The 10 Rules for Pipeline-Ready Scripts

  1. Cell-Based Structure

    • Use # %% markers to separate logical sections
    • Each cell should be self-contained and runnable
    • Cells execute sequentially (top to bottom)
  2. Runnable as Script

    • Must work standalone: python scripts/X-topic.py
    • No notebook-specific code in the script
    • Use standard Python (no magic commands)
  3. Convertible to Notebook

    • Cell markers convert to notebook cells
    • Output captured for markdown conversion
    • Plots saved to files for documentation
  4. Clear Output

    • Print progress markers with print("="*80)
    • Show intermediate results
    • Save figures with descriptive names
  5. Reproducible

    • Load config from 1-config.yaml
    • Set explicit random seeds
    • Document data dependencies
  6. Self-Documenting

    • Docstring at top explaining purpose
    • Comments for complex logic
    • Print statements showing progress
  7. Relative Paths

    • Use Path.cwd() for repo root
    • Make paths relative to config
    • No hard-coded absolute paths
  8. Error Handling

    • Check file existence before loading
    • Graceful handling of missing data
    • Helpful error messages
  9. Visualization-Friendly

    • Generate ASCII graphs/tables where useful
    • Save plots as files (PNG/PDF)
    • Use matplotlib for figures
  10. Documentation-Ready

    • Structure output for docs extraction
    • Use consistent formatting for graphs
    • Label all visualizations clearly

Standard Pipeline Structure

File Organization:

code
evaluation/
├── scripts/
│   ├── 0-convert-Result-to-model-task-instance-score.py
│   ├── 1-describe-model-result-data-quality.py
│   ├── 2-generate-Table1-and-Table2.py
│   └── 5-demo-figure.py
├── notebooks/
│   ├── 0-convert-Result-to-model-task-instance-score.ipynb
│   ├── 1-describe-model-result-data-quality.ipynb
│   └── 5-demo-figure.ipynb
├── markdowns/
│   ├── 1-describe-model-result-data-quality.md
│   └── 5-demo-figure.md
└── docs/
    ├── 1-describe-model-result-data-quality.md (ASCII graphs)
    └── 5-demo-figure.md (ASCII graphs)

Naming Convention:

  • Use consistent numbering: 0-, 1-, 2-, etc.
  • Descriptive names: 1-describe-model-result-data-quality
  • Same name across all stages

Stage 1: Python Script Structure

Every script should follow this structure (pseudo-code pattern):

python
#!/usr/bin/env python3
"""
Title: Brief description of what this analysis does

Input:  path/to/input/data.csv
Output: path/to/output/results/
"""

# %% [markdown]
# # Analysis Title
# Brief overview and description

# %% Setup and Configuration
import [standard imports: sys, pathlib, pandas, numpy, matplotlib, etc]

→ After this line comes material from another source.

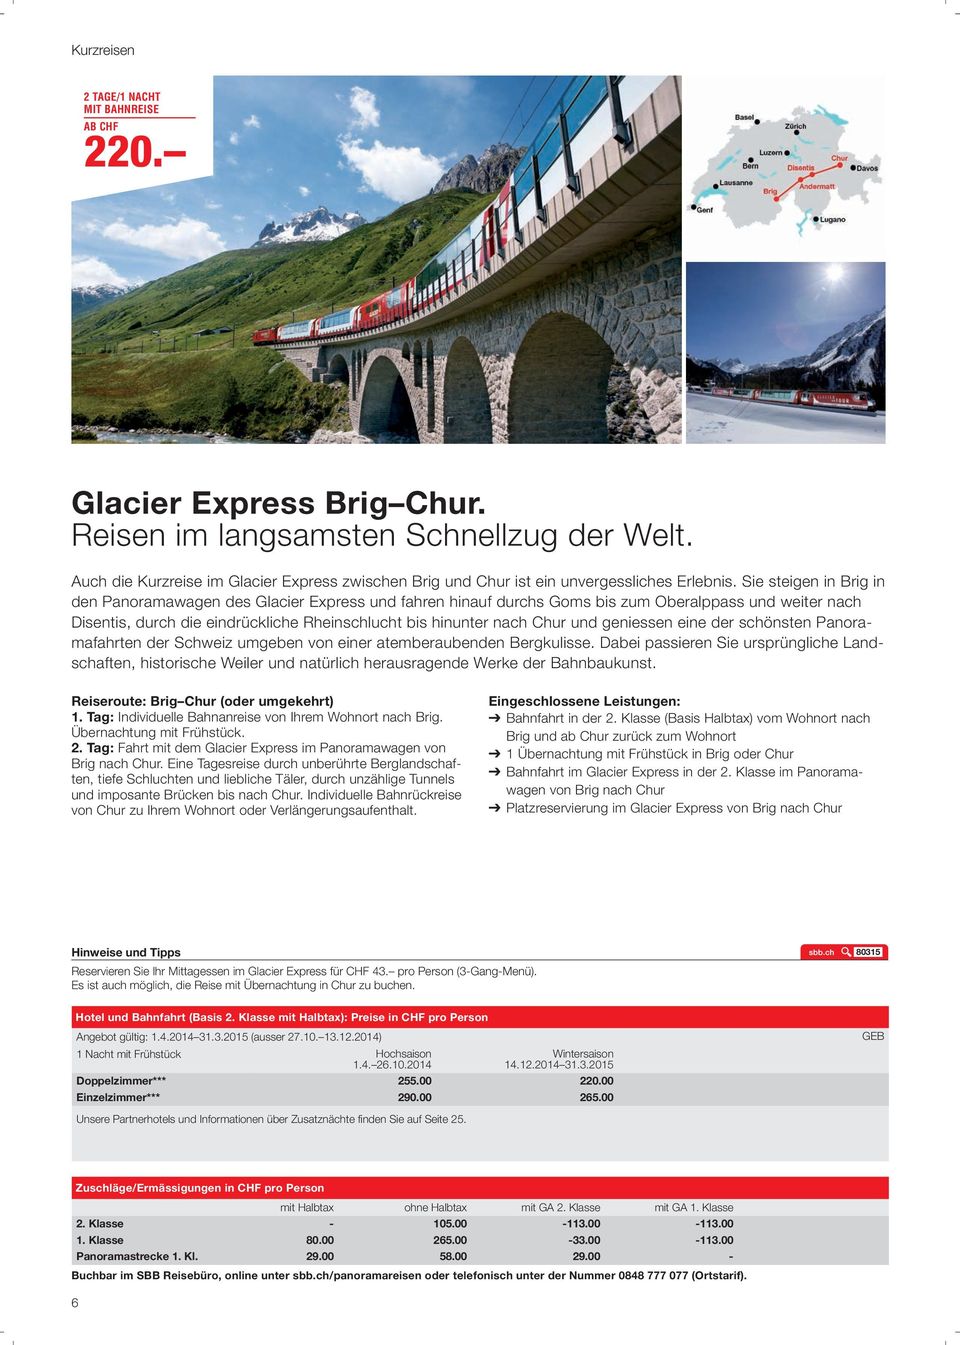 Sie steigen in Brig in den Panoramawagen des Glacier Express und fahren hinauf durchs Goms bis zum Oberalppass und weiter nach Disentis, durch die eindrückliche Rheinschlucht bis hinunter nach Chur
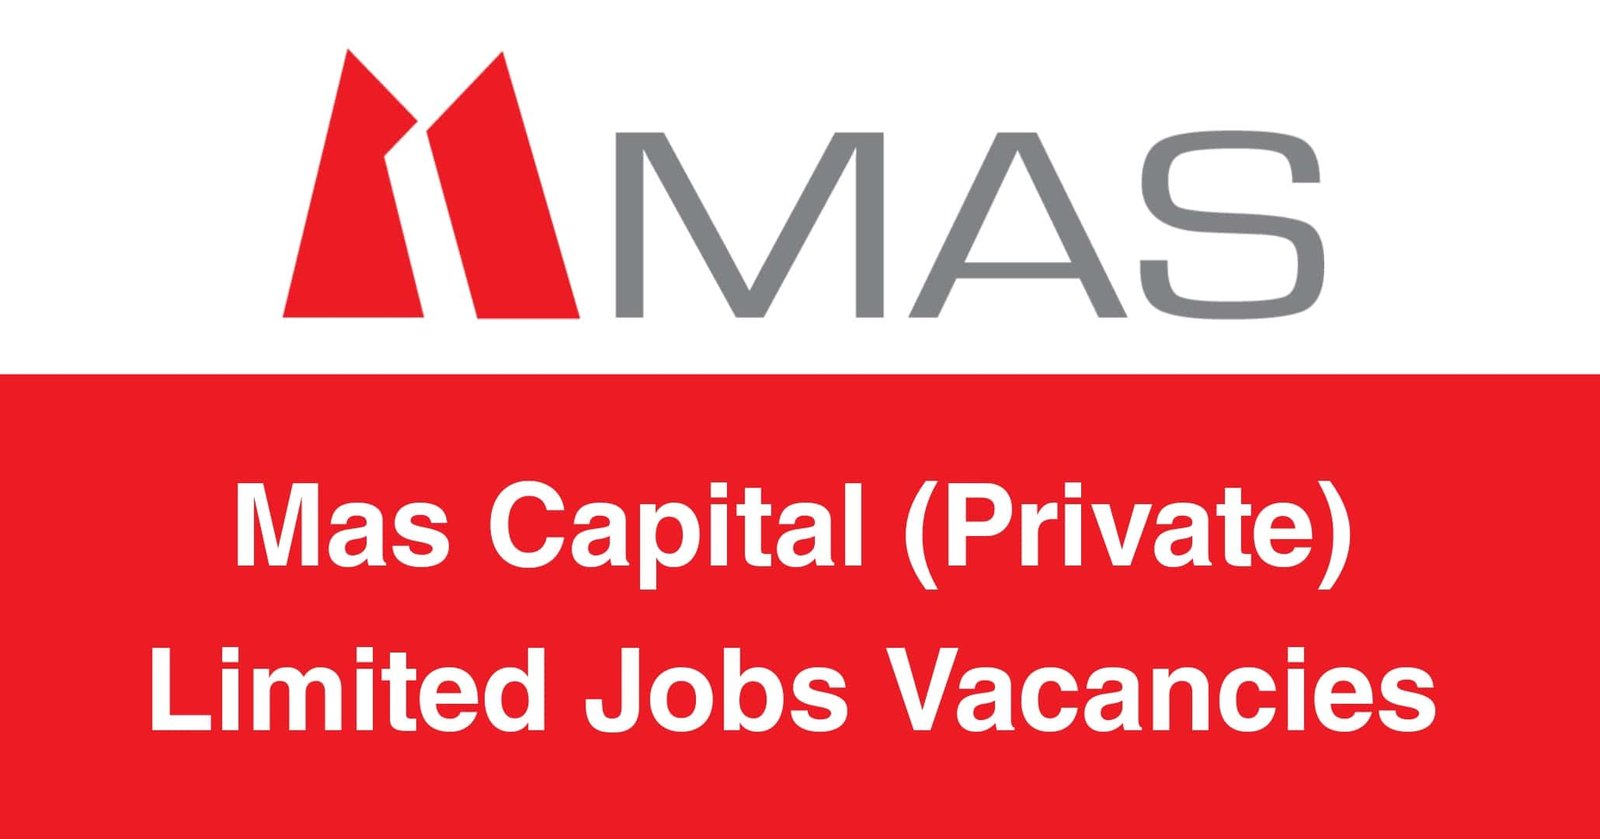 Mas Capital (Private) Limited Jobs Vacancies

TOPIC_NAME = 'X-analysis-name'

# 1. Detect working directory (are we in scripts/ or notebooks/?)
#    → Change to repo root if needed
repo_root = detect_and_change_to_repo_root()

# 2. Load configuration from 1-config.yaml
#    → Try YAML parser, fallback to line-based parsing
config = load_config(repo_root / '1-config.yaml')

# 3. Handle paper_project_root if specified
#    → Change working directory to paper root
if config.has('paper_project_root'):
    change_directory_to(config['paper_project_root'])

# 4. Setup output paths from config
results_root = get_from_config('evaluation_results_folder', default='evaluation/results')
output_dir = results_root / TOPIC_NAME
create_directory_if_needed(output_dir)

# 5. Load script-specific config section (e.g., "X-analysis-name:")
script_cfg = load_script_section(config, TOPIC_NAME)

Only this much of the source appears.